### Raw data
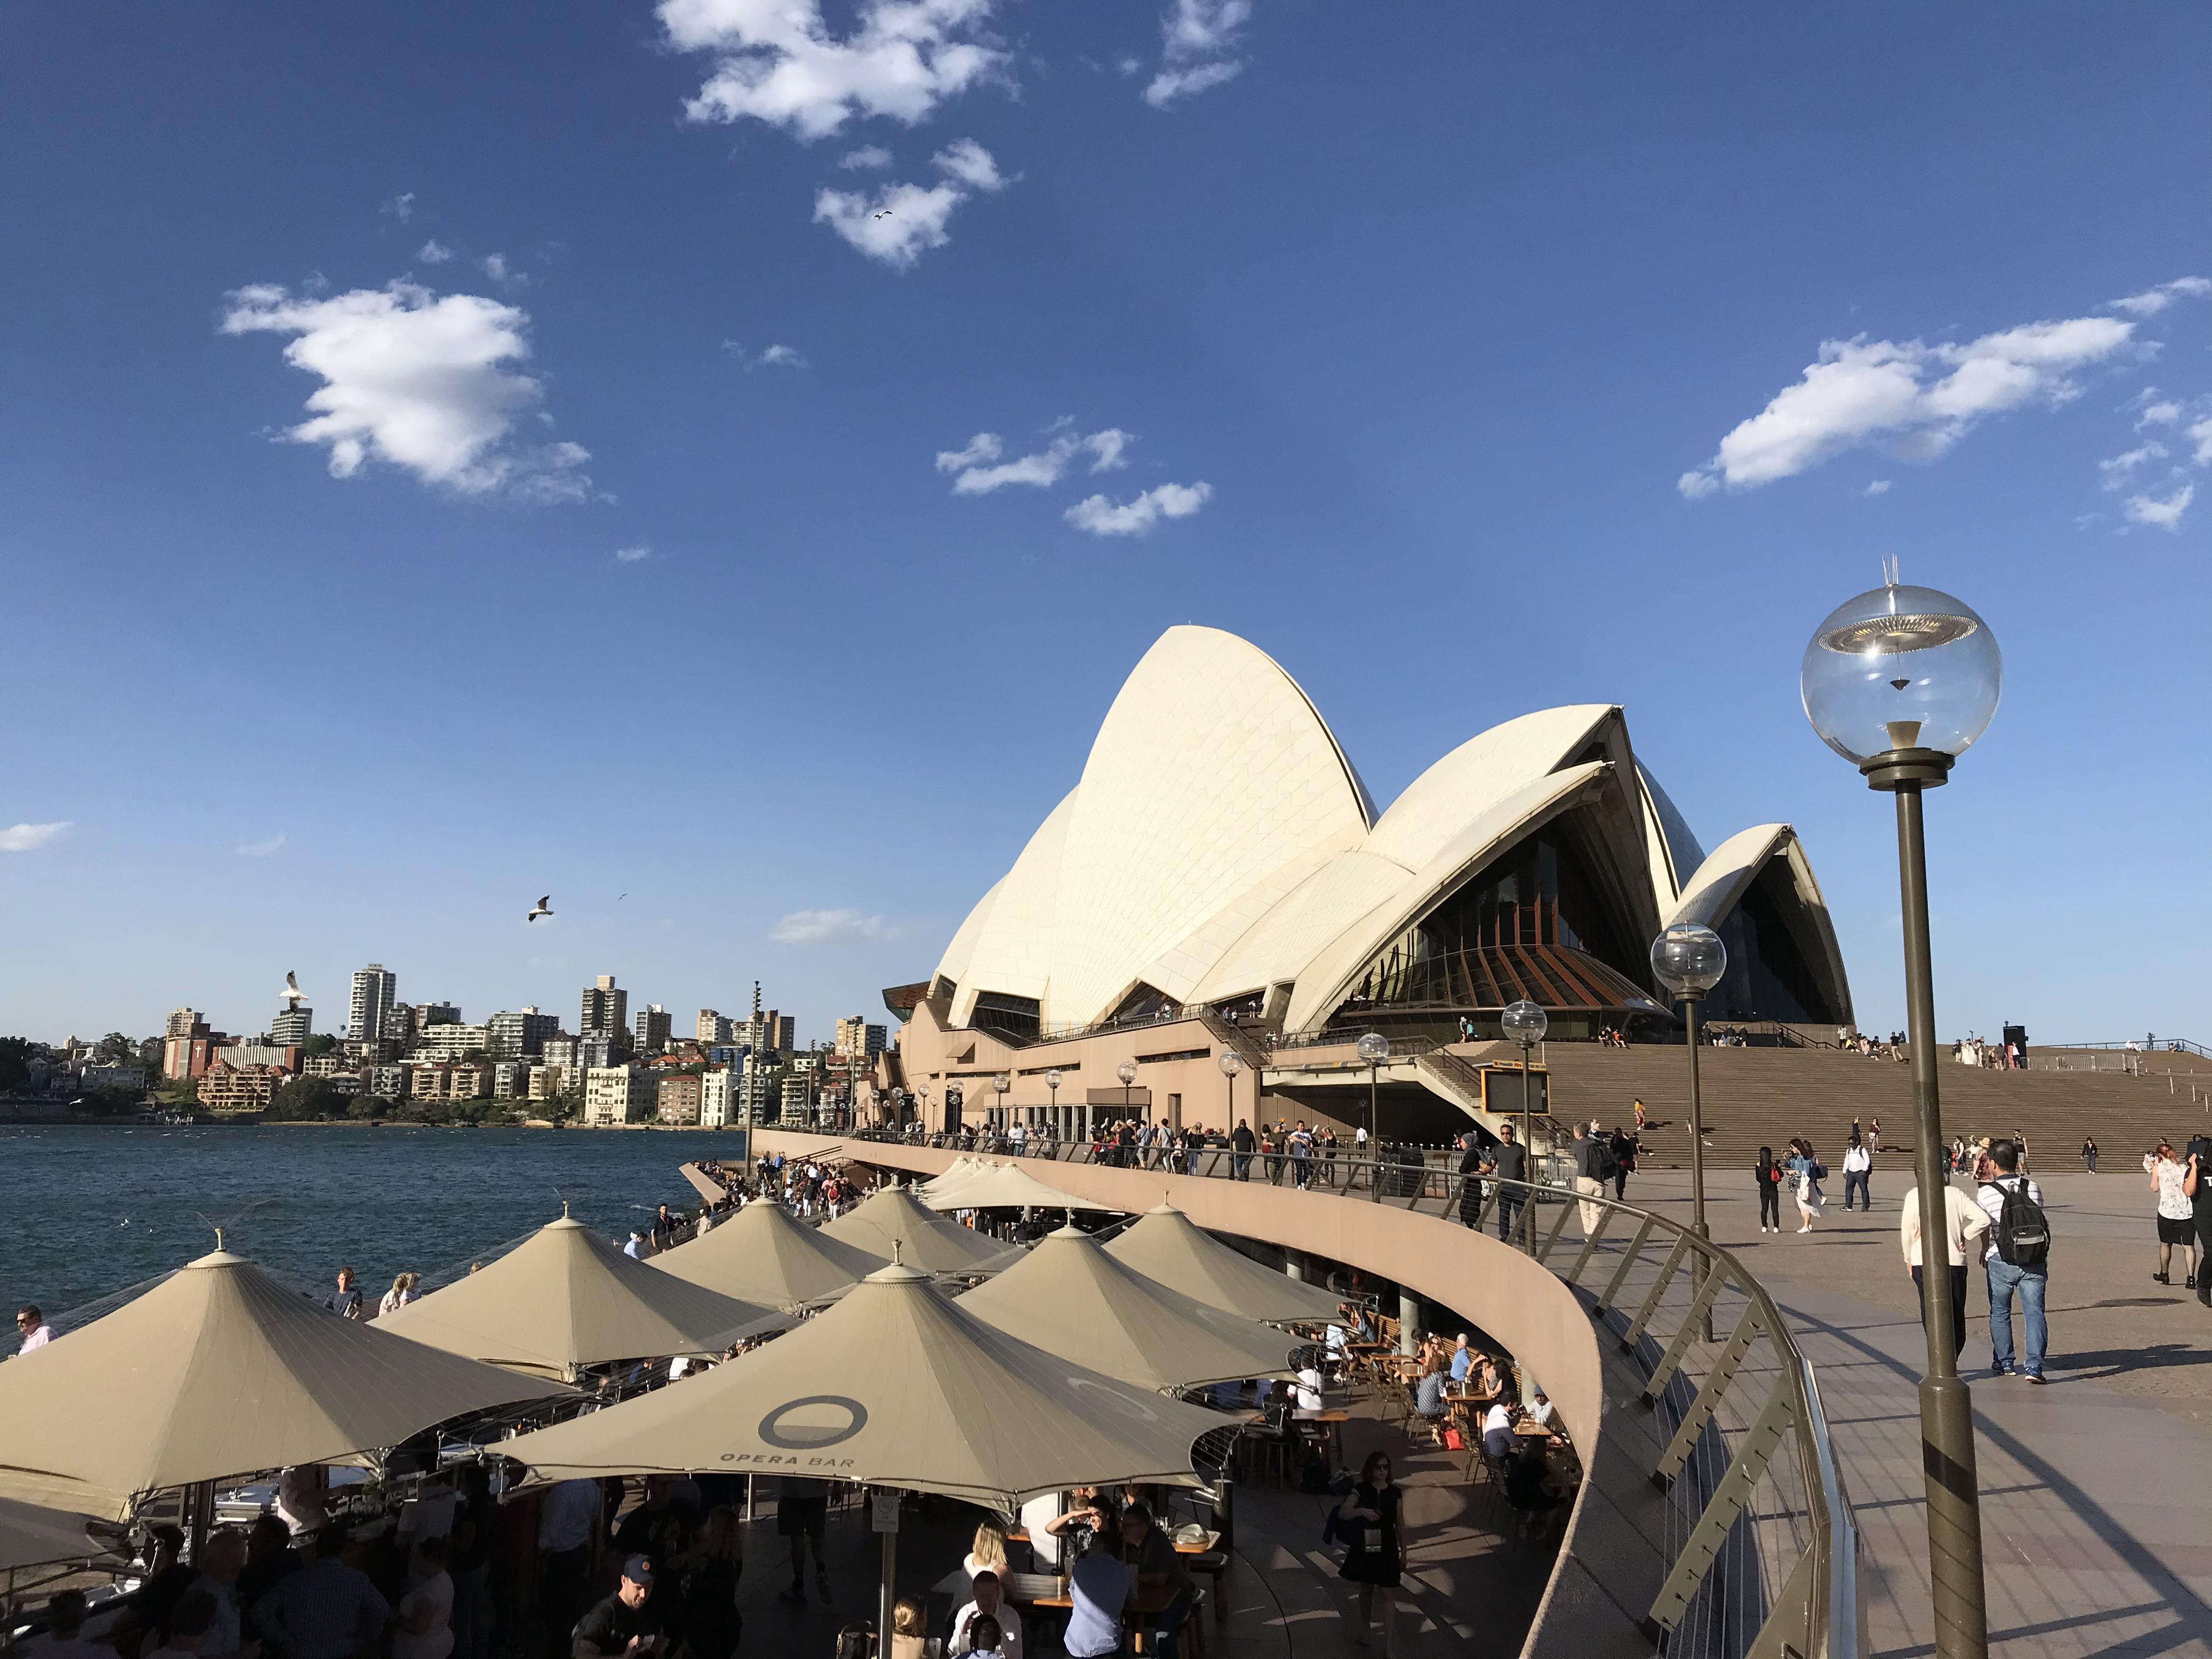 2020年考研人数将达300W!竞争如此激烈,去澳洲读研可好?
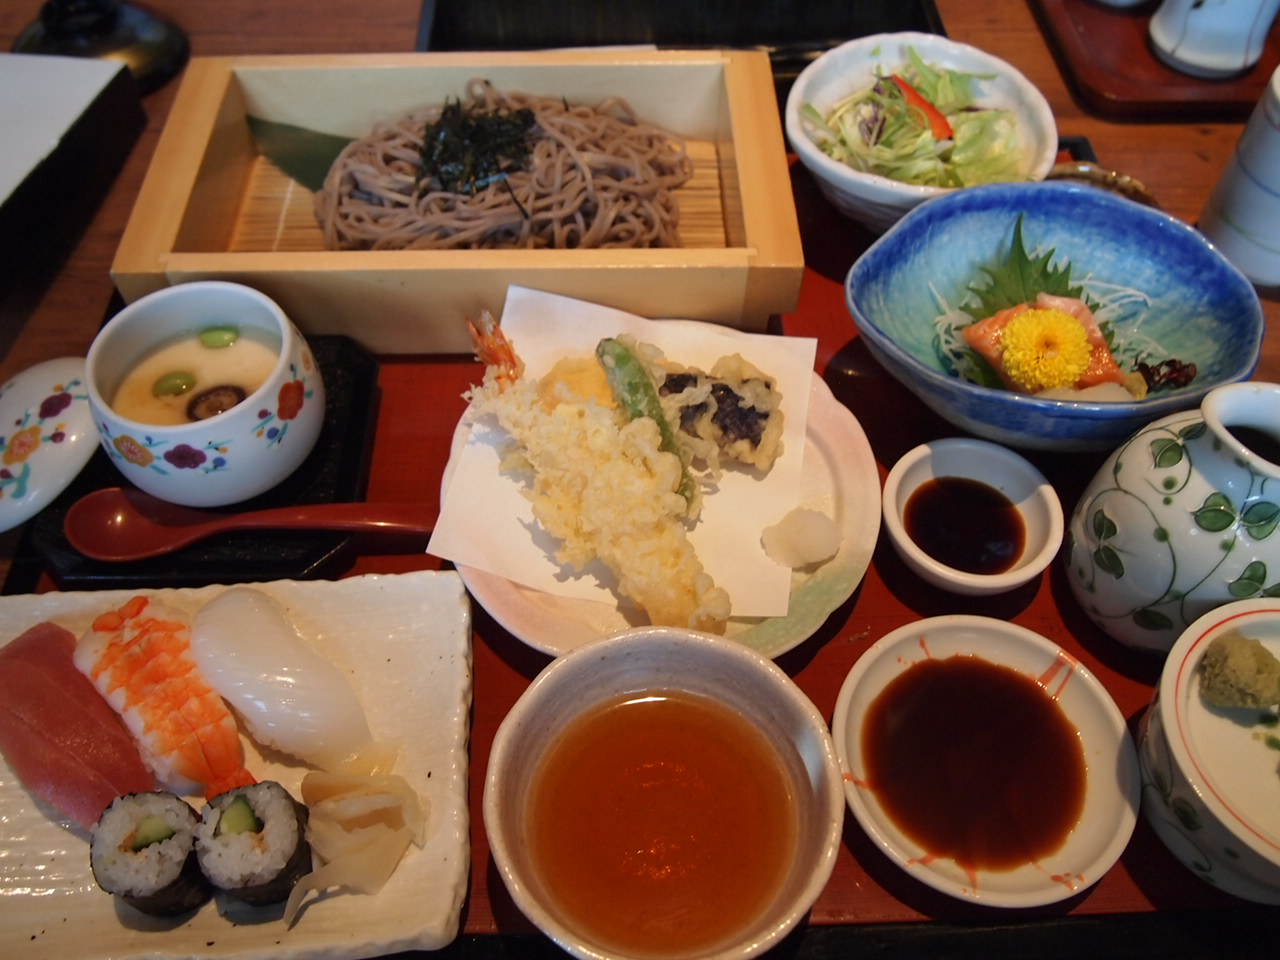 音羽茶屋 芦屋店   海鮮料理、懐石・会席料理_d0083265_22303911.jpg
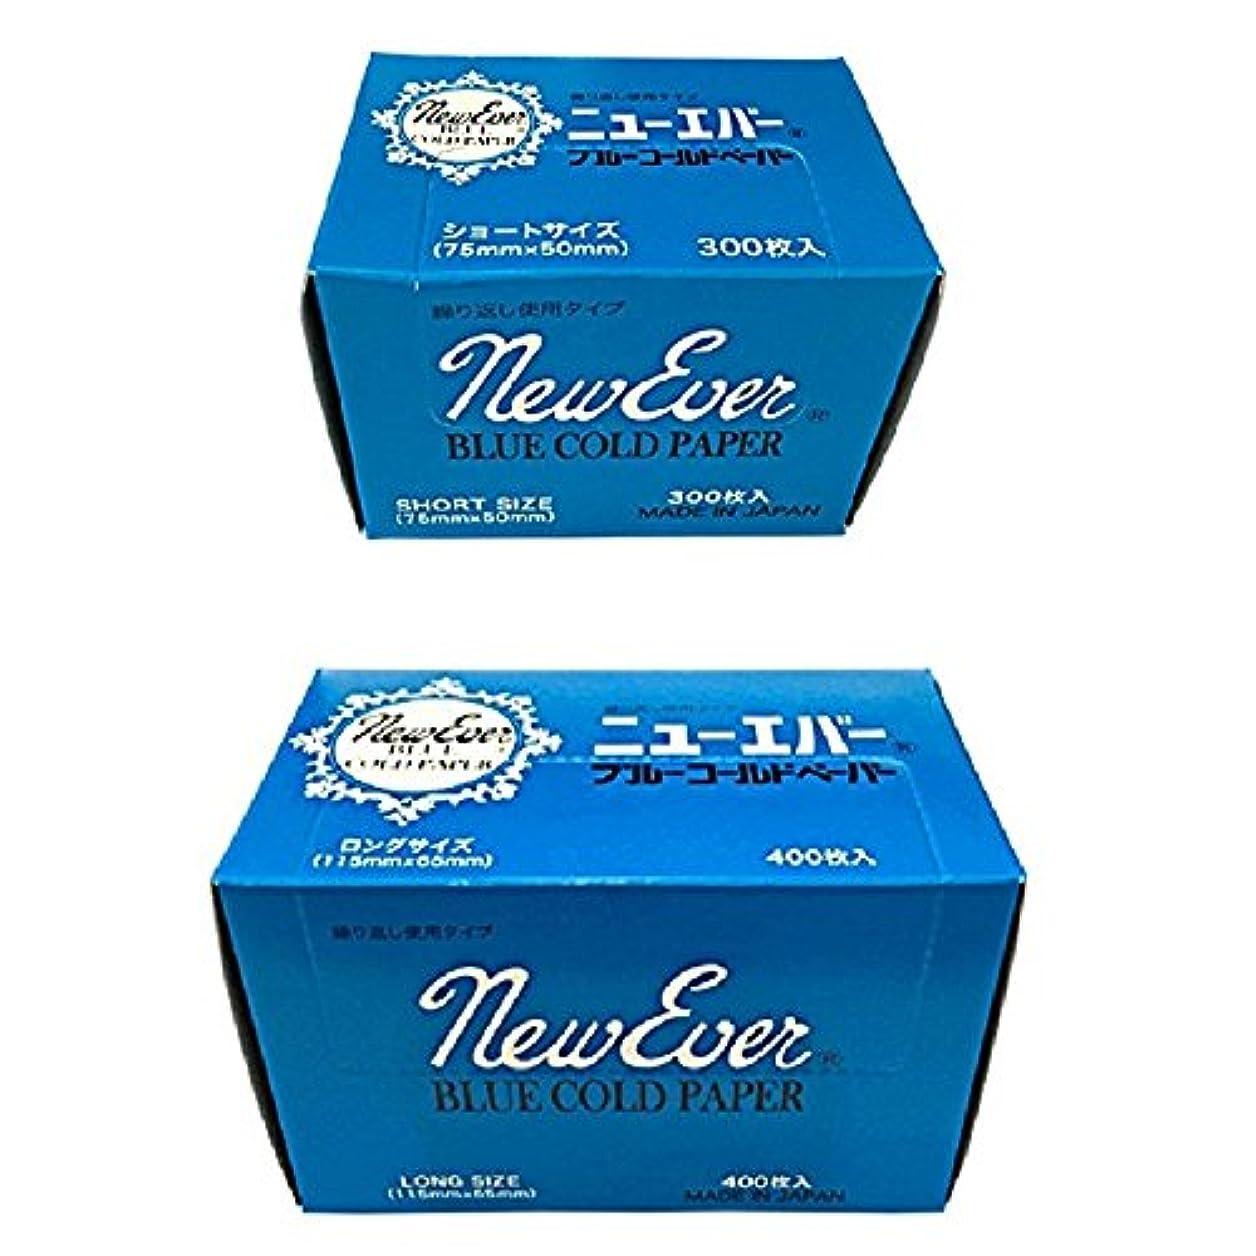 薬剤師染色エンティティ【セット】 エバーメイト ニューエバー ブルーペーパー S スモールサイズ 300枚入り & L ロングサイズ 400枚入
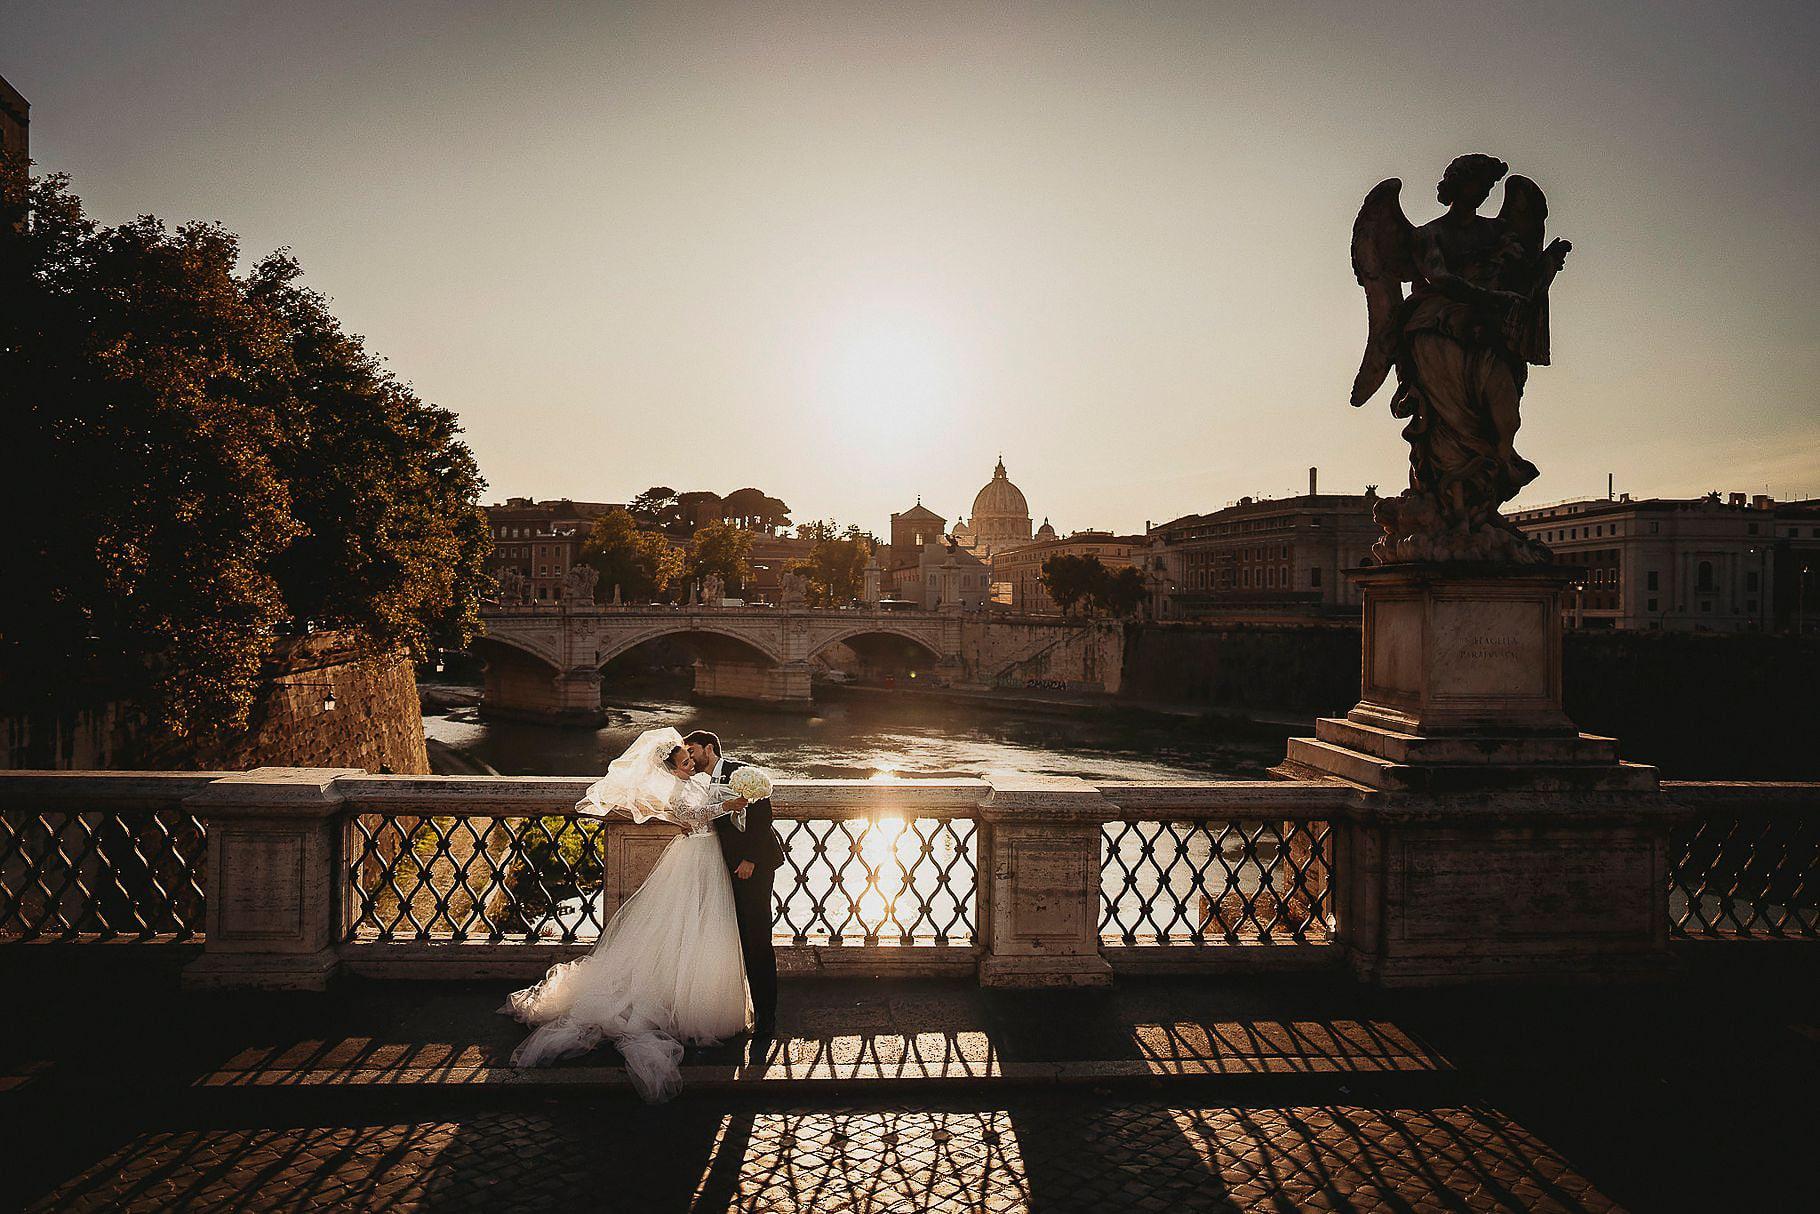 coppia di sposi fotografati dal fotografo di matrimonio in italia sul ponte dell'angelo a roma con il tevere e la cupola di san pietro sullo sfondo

### Work to complete
Output the data above exactly. Drop every picture.

### Exercise output
 2020年考研人数将达300W!竞争如此激烈,去澳洲读研可好?
 音羽茶屋 芦屋店   海鮮料理、懐石・会席料理_d0083265_22303911.jpg
 薬剤師染色エンティティ【セット】 エバーメイト ニューエバー ブルーペーパー S スモールサイズ 300枚入り & L ロングサイズ 400枚入
 coppia di sposi fotografati dal fotografo di matrimonio in italia sul ponte dell'angelo a roma con il tevere e la cupola di san pietro sullo sfondo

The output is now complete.